The earlier indirect dengue evidence remains relevant:

• DENV-specific atypical MBCs (CD27⁻CD21⁻ = DN B cells) accumulate in 2° dengue durable to 18 months (Singh2026)
• The question of whether these atypical MBCs are DN2 (EF-derived) or DN1 (GC-derived) is partially addressed by Ansari2025’s demonstration of CD21⁻CD11c⁺ EF B cells, but formal DN1/DN2/DN3 subdivision in dengue has not been performed

Contradictions & Debates

• Whether EF-derived memory B cells (i.e., DN cells) are genuinely GC-independent or represent cells that initiated but aborted GC entry is debated. Wei et al. acknowledge both models: (a) independent EF lineage; (b) failed/abortive GC entrants. Jenks2018 substantially resolves this for DN2 cells specifically: they are EF-derived effectors (CD40L inhibits their generation; TLR7 drives it). The original EF-origin debate now applies primarily to whether some DN1 cells might also arise extrafollicularly, or whether DN1 is entirely GC-derived.

• The lower SHM rate of DN vs. CD27⁺ memory cells is consistent with EF origin but is not conclusive — it could also reflect selection against high-affinity autoreactive clones within GCs rather than GC exclusion.

• Whether the TLR7-driven EF pathway operates identically in acute viral infections (where TLR7 ligands are physiological viral ssRNA rather than pharmacological R848) remains unestablished. The SLE context may amplify TLR7 signalling through genetically elevated IRF5/IRF7 haplotypes that are not present in all individuals.

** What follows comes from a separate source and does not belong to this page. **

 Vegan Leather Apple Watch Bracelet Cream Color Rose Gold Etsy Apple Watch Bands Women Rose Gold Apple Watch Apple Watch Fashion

• FIRST DENGUE DATA — Atypical MBCs and IgM+ MBCs as potential EF memory in dengue: In 2° dengue, DENV-specific atypical MBCs (CD27⁻CD21⁻ = DN B cells) are significantly expanded, durable to 18 months, and temporally correlated with later class-switched and activated MBC levels — suggesting they participate in the anti-DENV response rather than representing exhausted bystanders. DENV-specific IgM+ MBCs are the only subset significantly elevated at the acute 2° timepoint, consistent with rapid recall from an IgM+ memory compartment. The hypothetical working model positions atypical and IgM+ MBCs as the primary early responders in 2° immunity (vs. naive B cells and IgG+ MBCs in 1° immunity), raising the possibility that repeat DENV exposure selects for EF-like memory subsets rather than conventional GC-derived memory (see Singh2026 - DENV-Specific Memory B Cell Subsets, n=4/group longitudinal — small sample but internally consistent).

• Caveat — EF vs GC origin unresolvable with this panel: Singh2026 lacks CXCR5, CD11c, and T-bet — the markers required to distinguish DN2 (EF effectors) from DN1 (GC-derived memory) within the CD27⁻CD21⁻ gate. The atypical MBC expansion in 2° dengue is therefore compatible with either EF or GC origin, or both (see Singh2026 - DENV-Specific Memory B Cell Subsets).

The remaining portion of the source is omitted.